## Given material
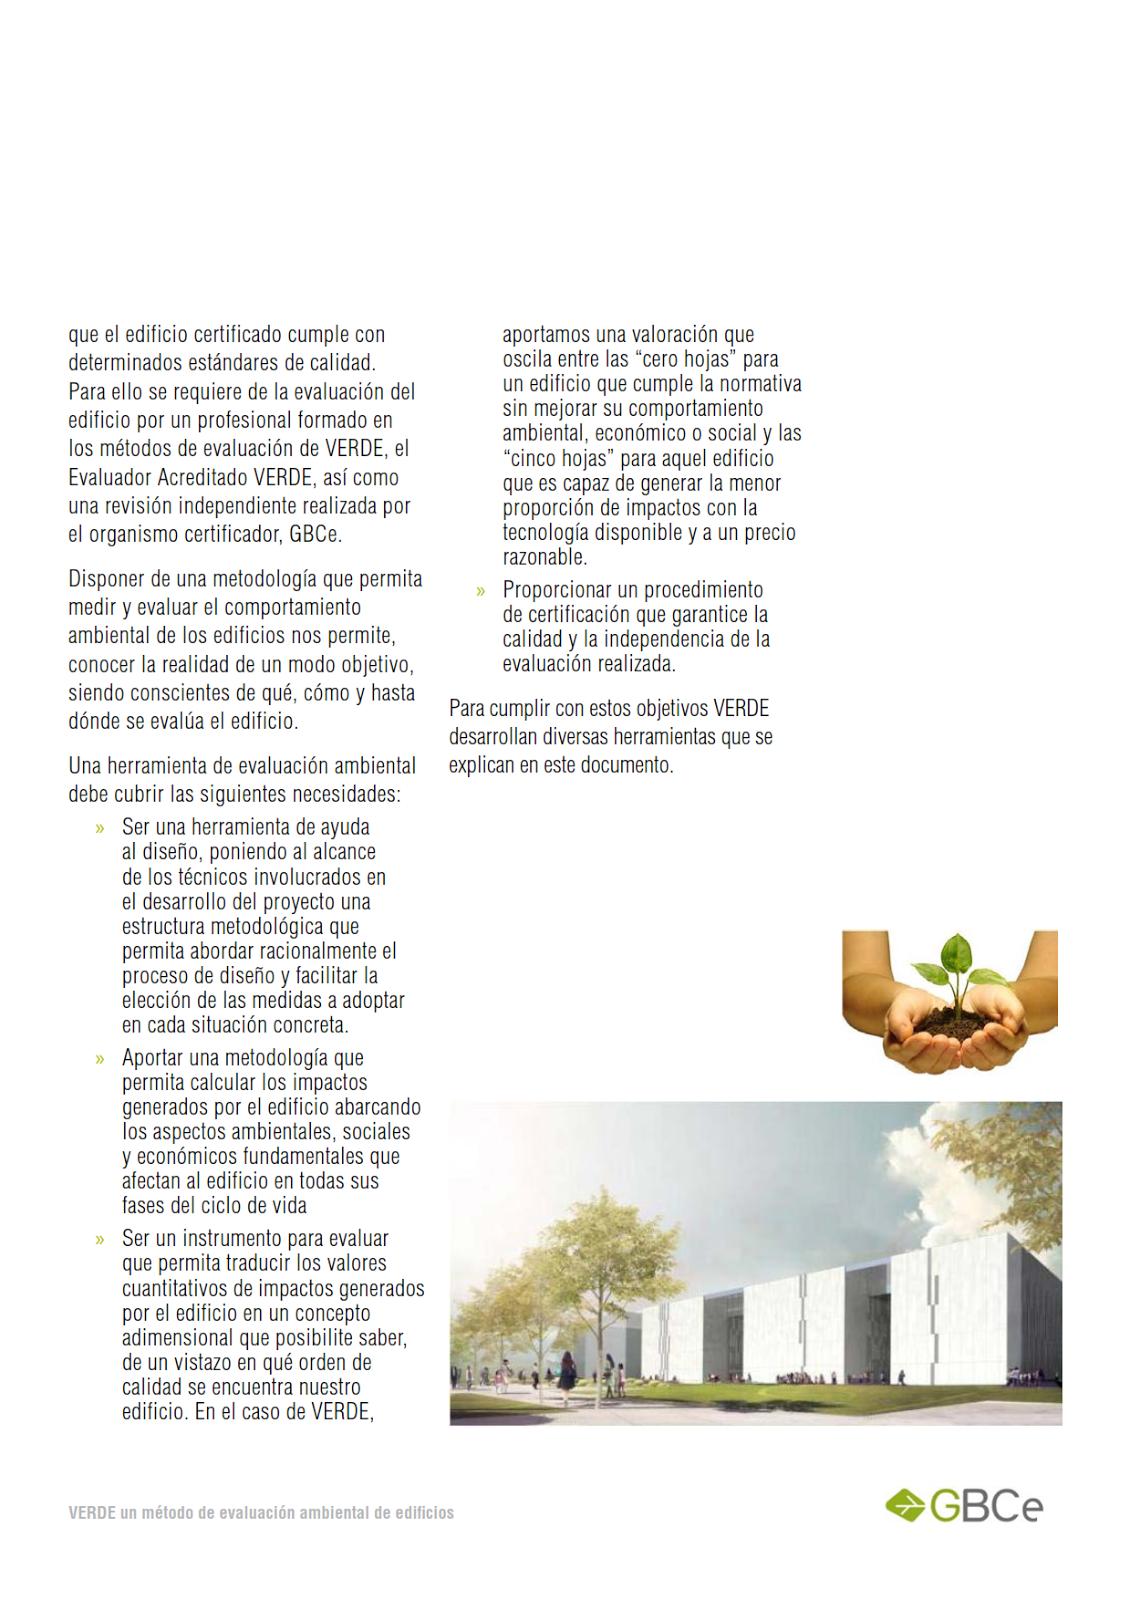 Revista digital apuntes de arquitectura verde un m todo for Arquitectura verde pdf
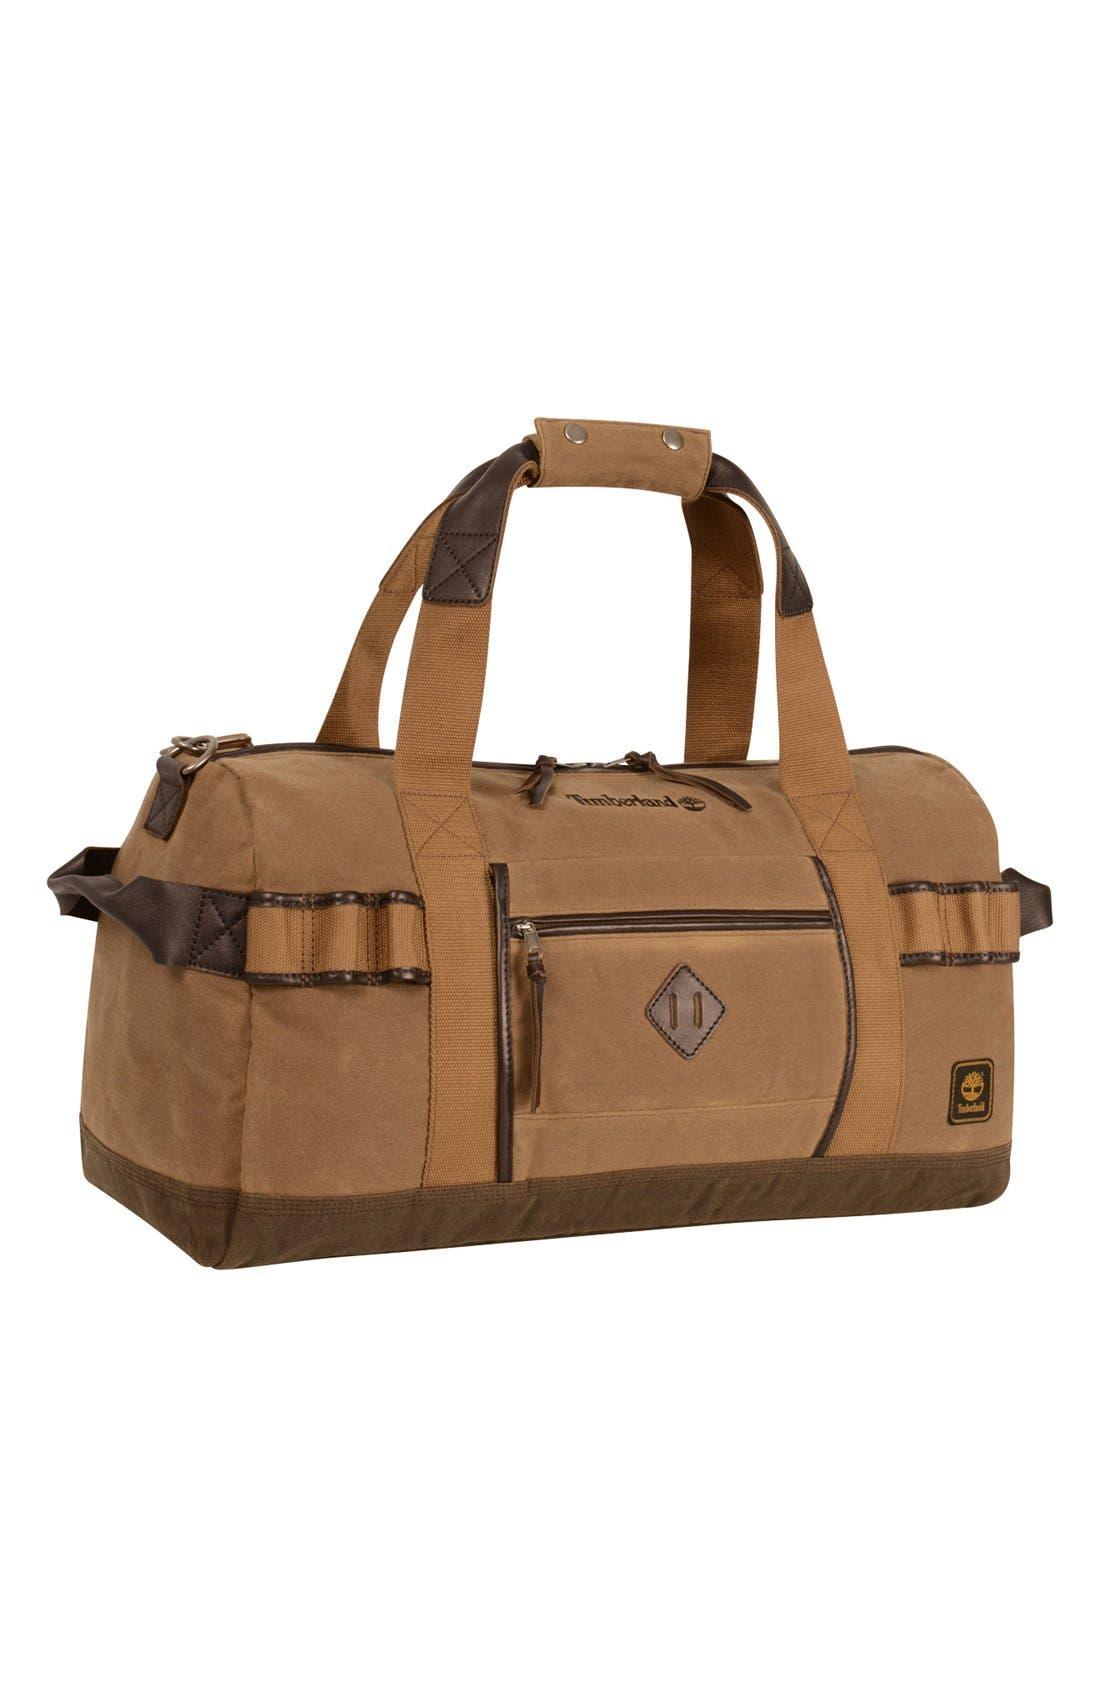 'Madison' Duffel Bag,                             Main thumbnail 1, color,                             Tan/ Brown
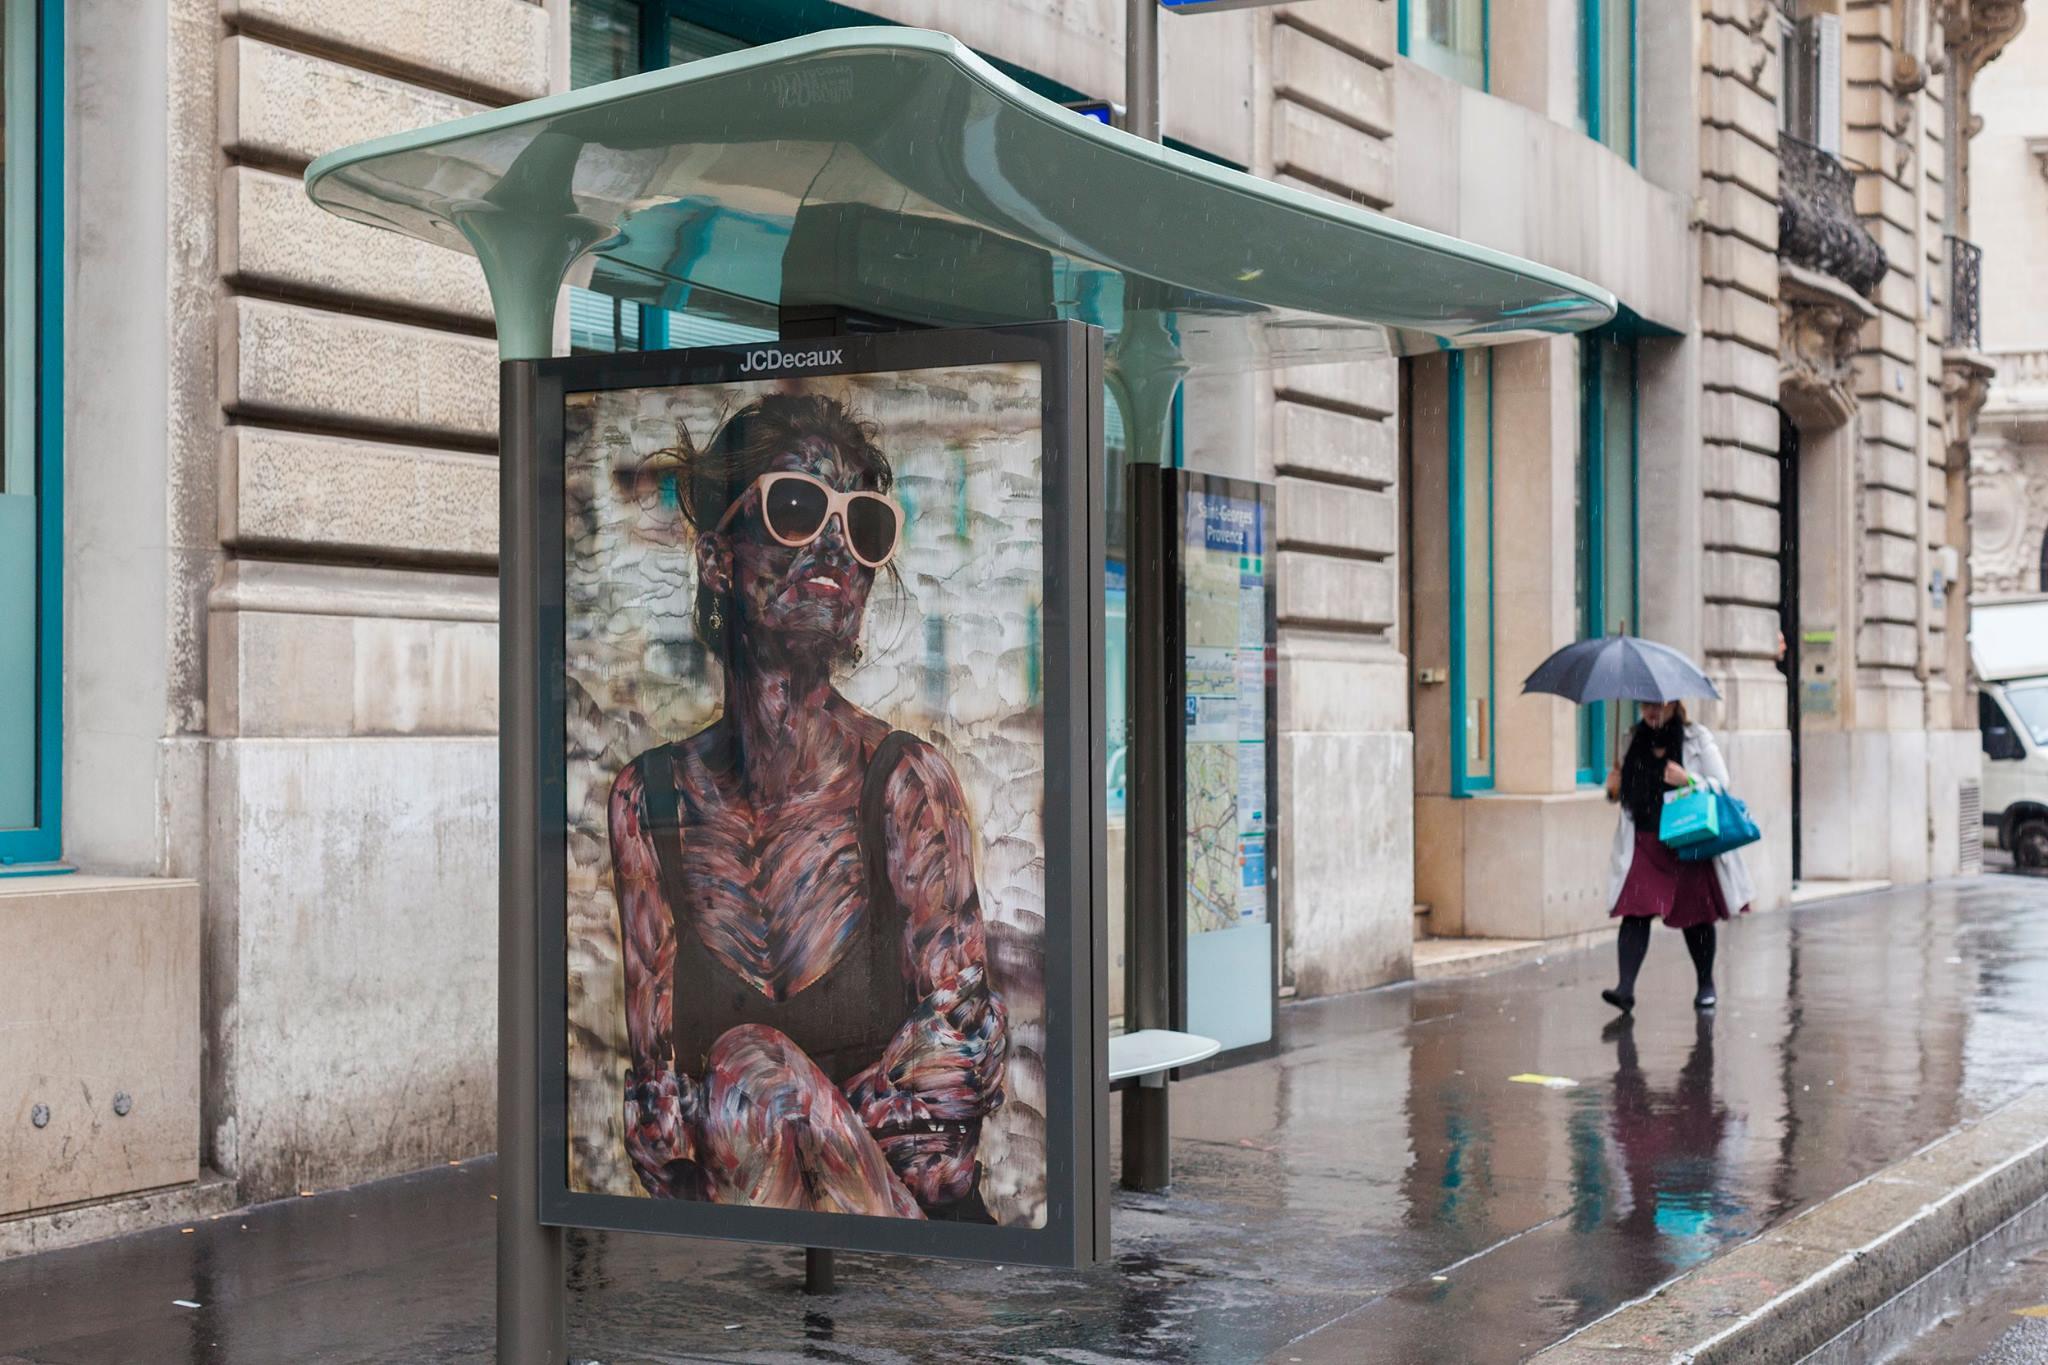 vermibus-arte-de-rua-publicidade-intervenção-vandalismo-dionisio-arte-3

## Exercise requirements
Without the pictures, give every line above again exactly.

## Written answer
 Revista digital apuntes de arquitectura verde un m todo for Arquitectura verde pdf
 'Madison' Duffel Bag,                             Main thumbnail 1, color,                             Tan/ Brown
 vermibus-arte-de-rua-publicidade-intervenção-vandalismo-dionisio-arte-3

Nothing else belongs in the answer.